How to Transcribe & Translate Audio with Whisper

Published Mar. 9, 2023 — Edited Feb. 13, 2024

After following this guide, you will be able to use OpenAI's Whisper to transcribe audio, translate the transcription into English, and to generate subtitles from the transcription.

My interest in this technology is to generate subtitles for lesser-known media, and to generate English subtitles for media that has previously only been available in its original language.

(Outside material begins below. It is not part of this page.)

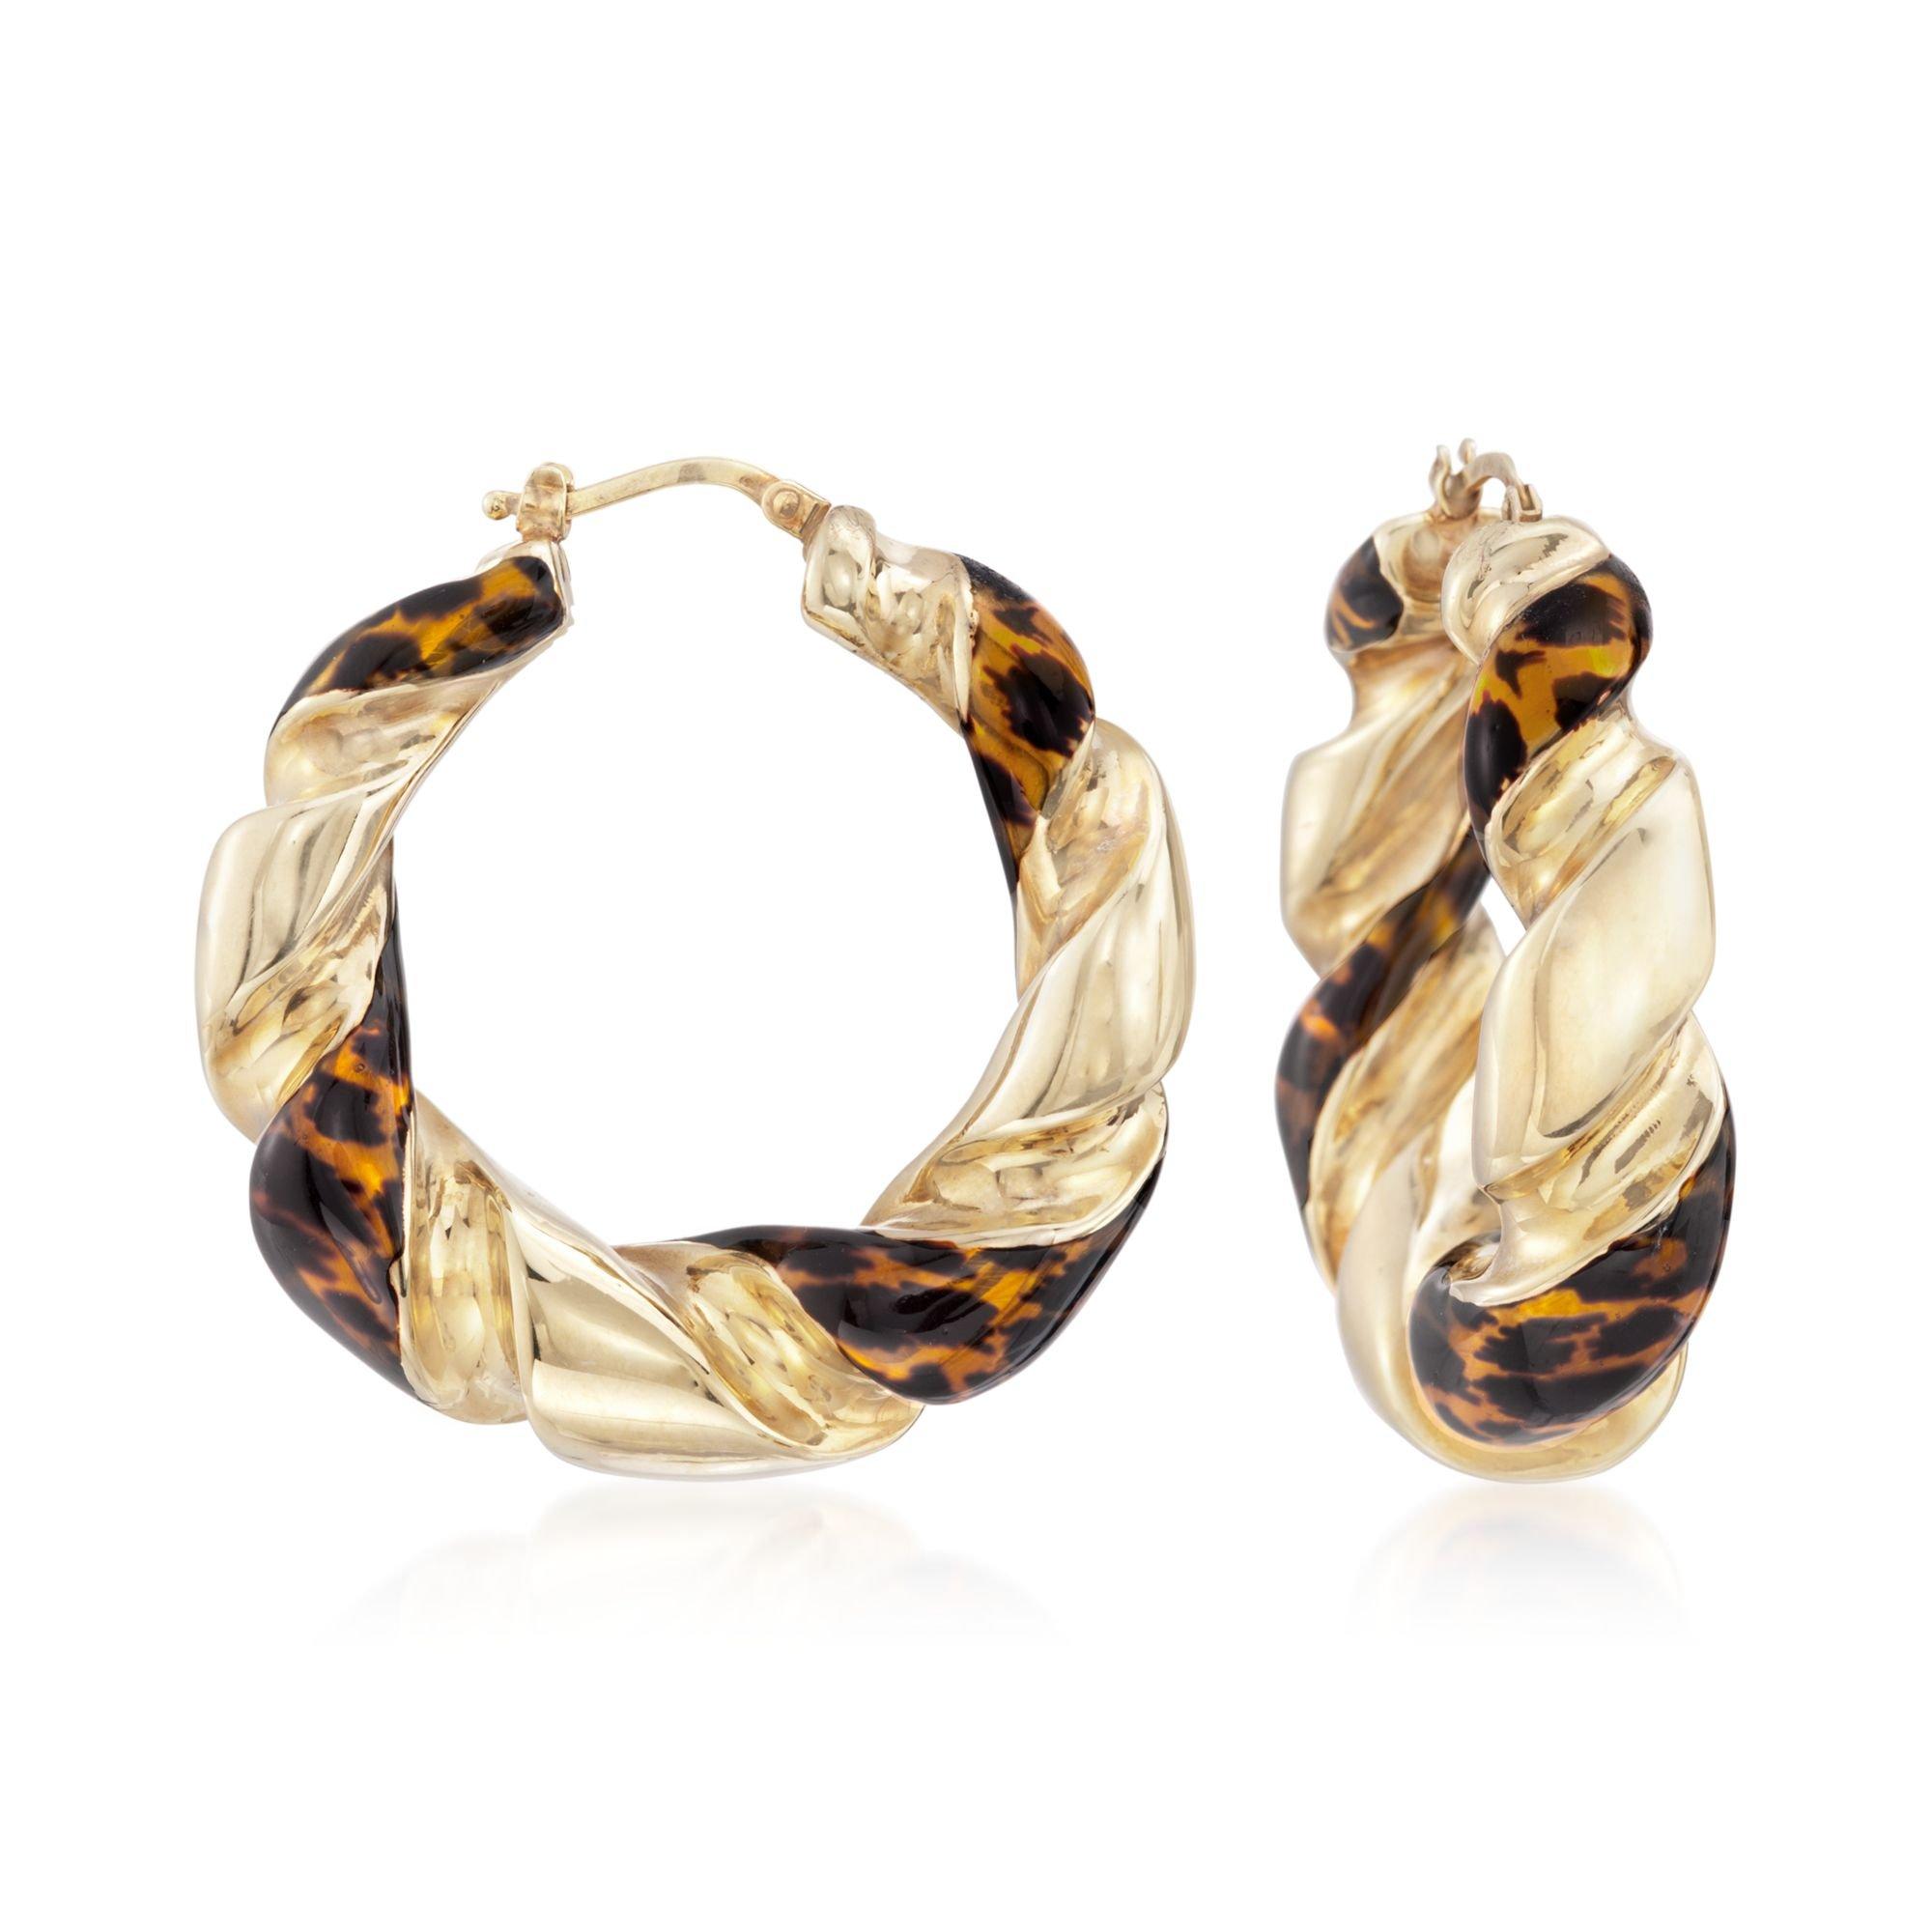 Ross-Simons Italian 18kt Yellow Gold Over Sterling Hoop Earrings with Leopard Enamel
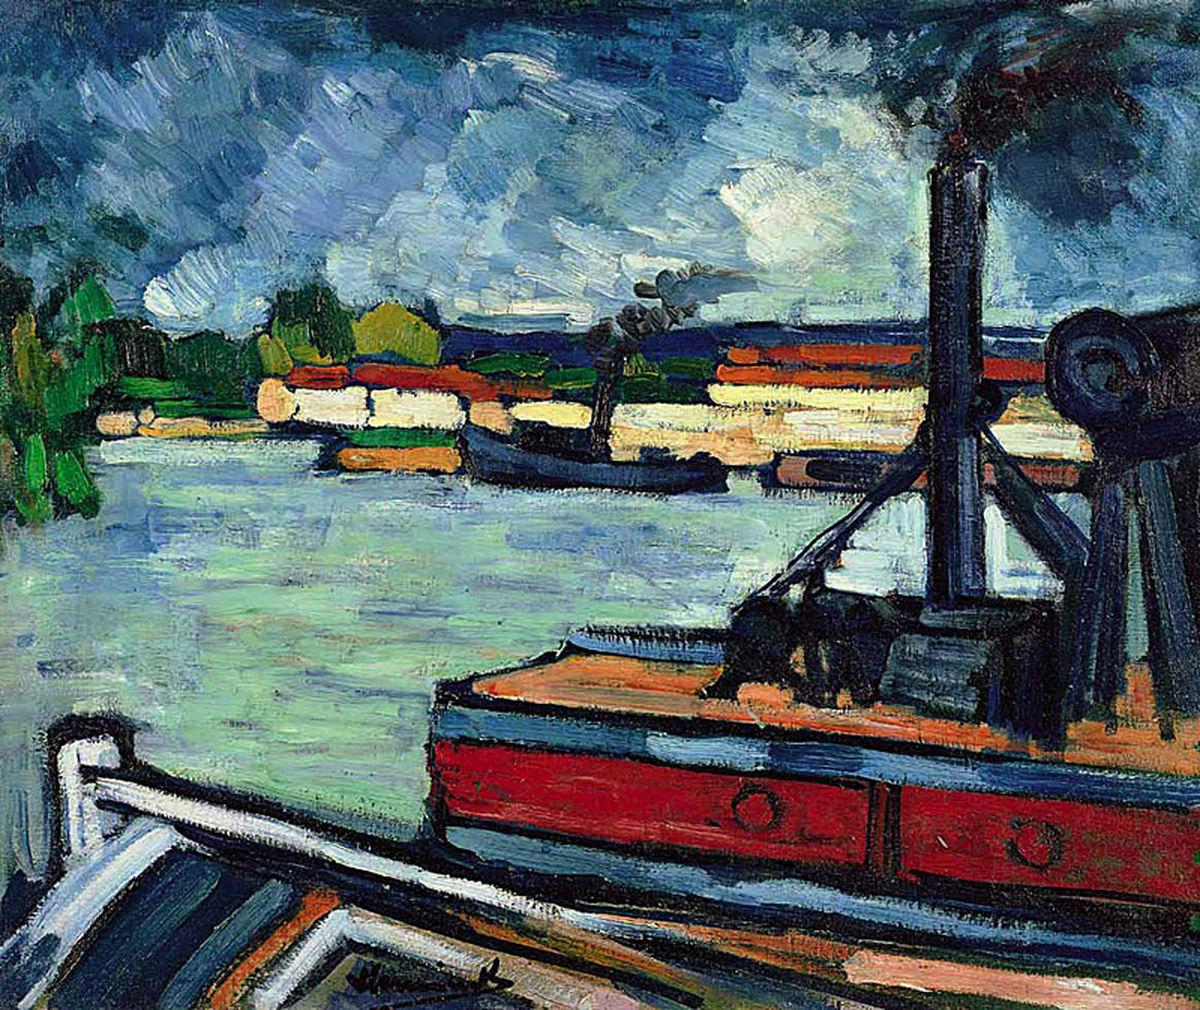 kundst:Maurice de Vlaminck (Be. 1876-1956)The river Seine near Nanterre (1906-1907) Oil on canvas, 60 x 73cmVan Gogh Museum

This guide assumes that you are using Linux, specifically Ubuntu in my case, and that you have enough knowledge to follow along with any linked pages and examples.

Requirements

Git
Git Large File Storage
Python 3.10.x
- You may need to run sudo apt install libffi-dev before installing Python, so that the _ctypes module is available for use.
- You will need to run pip install numpy torch transformers after installing Python. This will install all libraries required to run the convert-h5-to-ggml.py script.
FFMPEG

Whisper Installation


# Create and enter a new directory.
mkdir subtitle_generation
cd subtitle_generation

# Clone all required Git repositories.
git clone https://github.com/ggerganov/whisper.cpp.git
git clone https://github.com/openai/whisper.git
git clone https://huggingface.co/openai/whisper-large-v3.git

# Compile whisper.cpp. You may need to install "make" and
# other tools first.
cd whisper.cpp
make
cd ../

# Convert the whisper-large-v3 model from ".h5" to ".ggml".
python3 ./whisper.cpp/models/convert-h5-to-ggml.py ./whisper-large-v3 ./whisper .

Audio Preparation

Whisper will only accept a 16kHz .wav file, so you may need to extract and/or convert your audio with FFMPEG. The following commands are examples of how to do this. You will likely need to spend time learning more about FFMPEG if your situation is more complicated than extracting a single audio track from a video or converting an audio file.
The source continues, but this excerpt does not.